Richards said he has spent the near two-decades since the meltdown doing “deep analysis” on himself because “it was time to figure out where all the anger was coming from.” He found the answer to be his own insecurities over not being wanted, which is why he turned down career opportunities during his heyday and never found the value in playing Kramer despite the enormous and award-winning success of “Seinfeld.”

“I said no to the offer of a star on the Hollywood Walk of Fame. I didn’t feel deserving,” Richards said. “I said no to hosting ‘Saturday Night Live’ twice because I didn’t feel good enough. I was never really satisfied with my ‘Seinfeld’ performance. Fame magnified my insecurities.”

In the aftermath of the 2006 incident, Richards retreated from the spotlight and acting opportunities dried up.
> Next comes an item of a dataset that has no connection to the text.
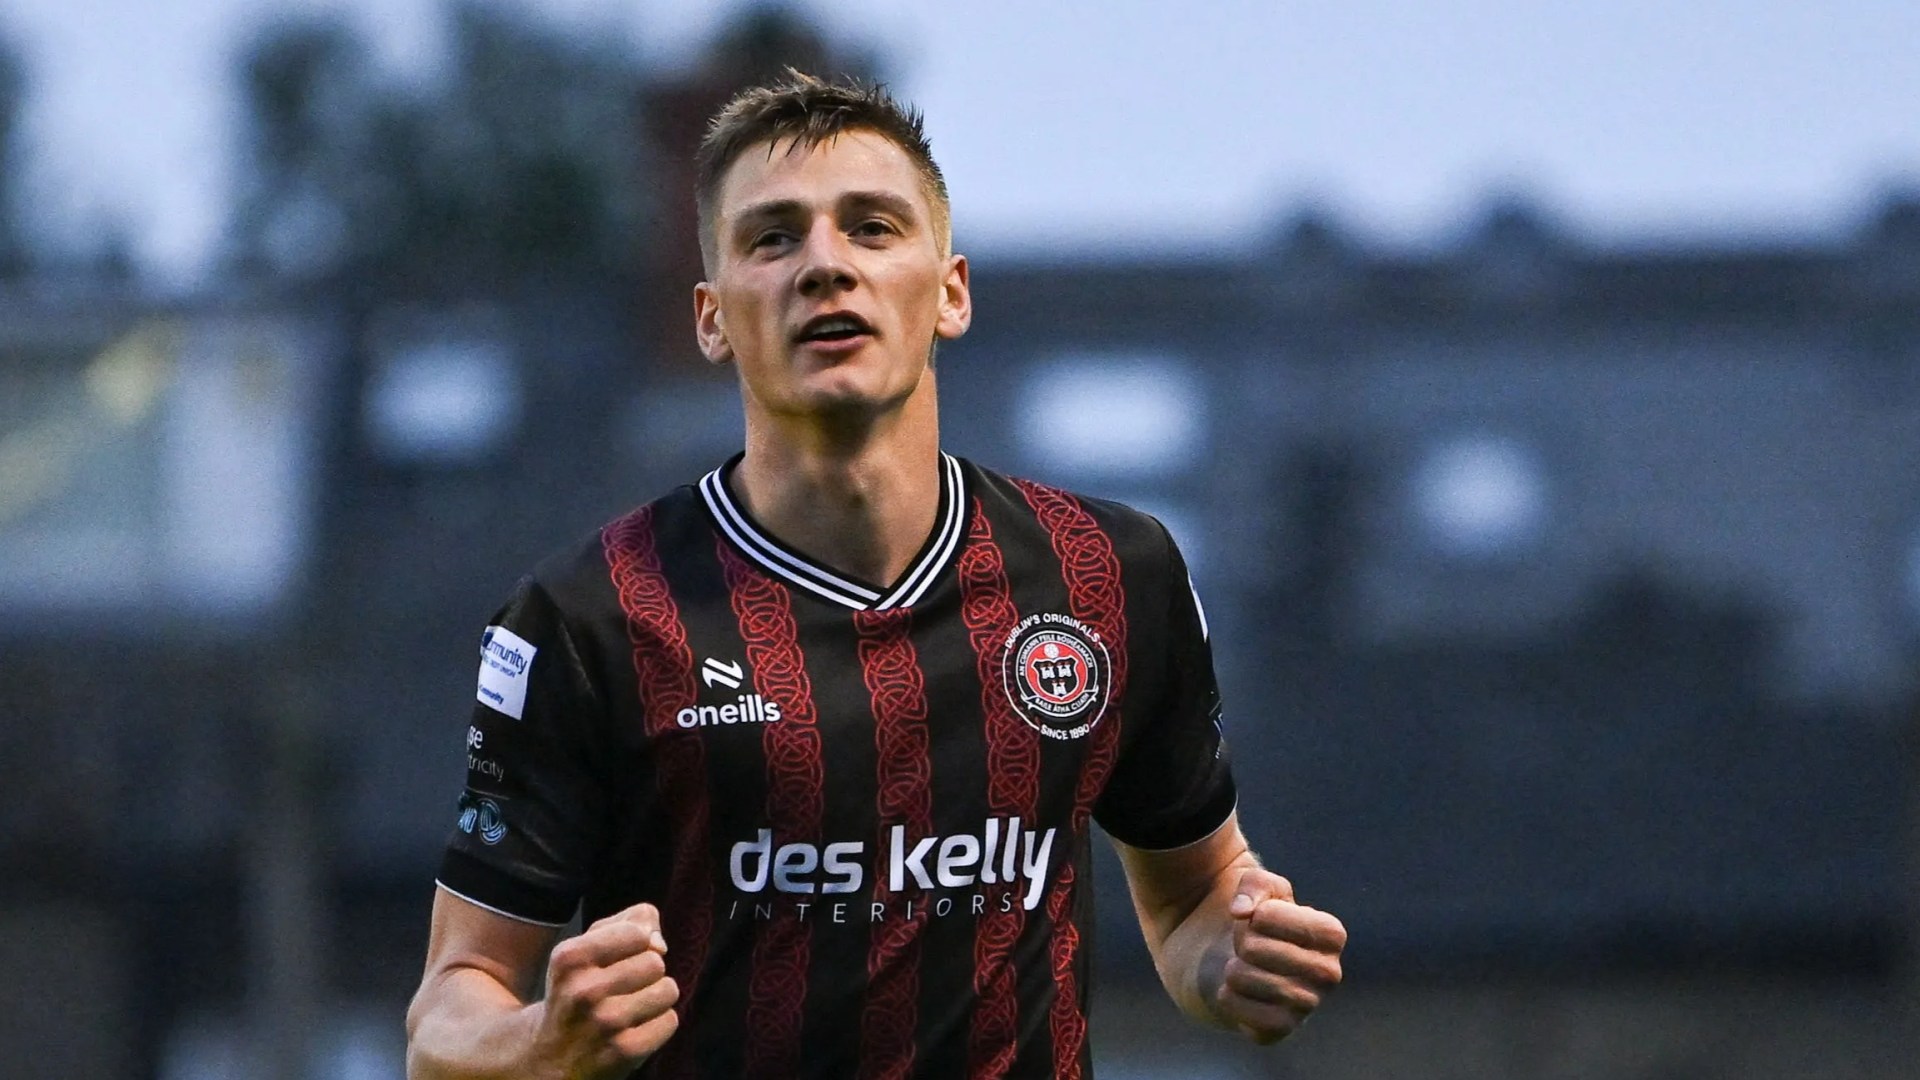 Bohemians and Shamrock Rovers share the spoils in Dublin derby as Filip Pisczczek opens his account for The Gypsies [Video]

He had a voice role in Seinfeld’s 2007 animated film “Bee Movie,” and his only other feature film role since then was 2019’s “Faith, Hope & Love.” Most of his television appearances were in connection to his “Seinfeld” roots, as he played a fictional version of himself on three episodes of Larry David’s “Curb Your Enthusiasm” in 2009 and appeared in 2012 episodes of Seinfeld’s “Comedians in Cars Getting Coffee.” He had a supporting role on Kirstie Alley’s TV Land sitcom “Kirstie,” but the series got canceled after one season in 2014.

Richards’ memoir, “Entrances and Exits,” publishes June 4 from Permuted Press.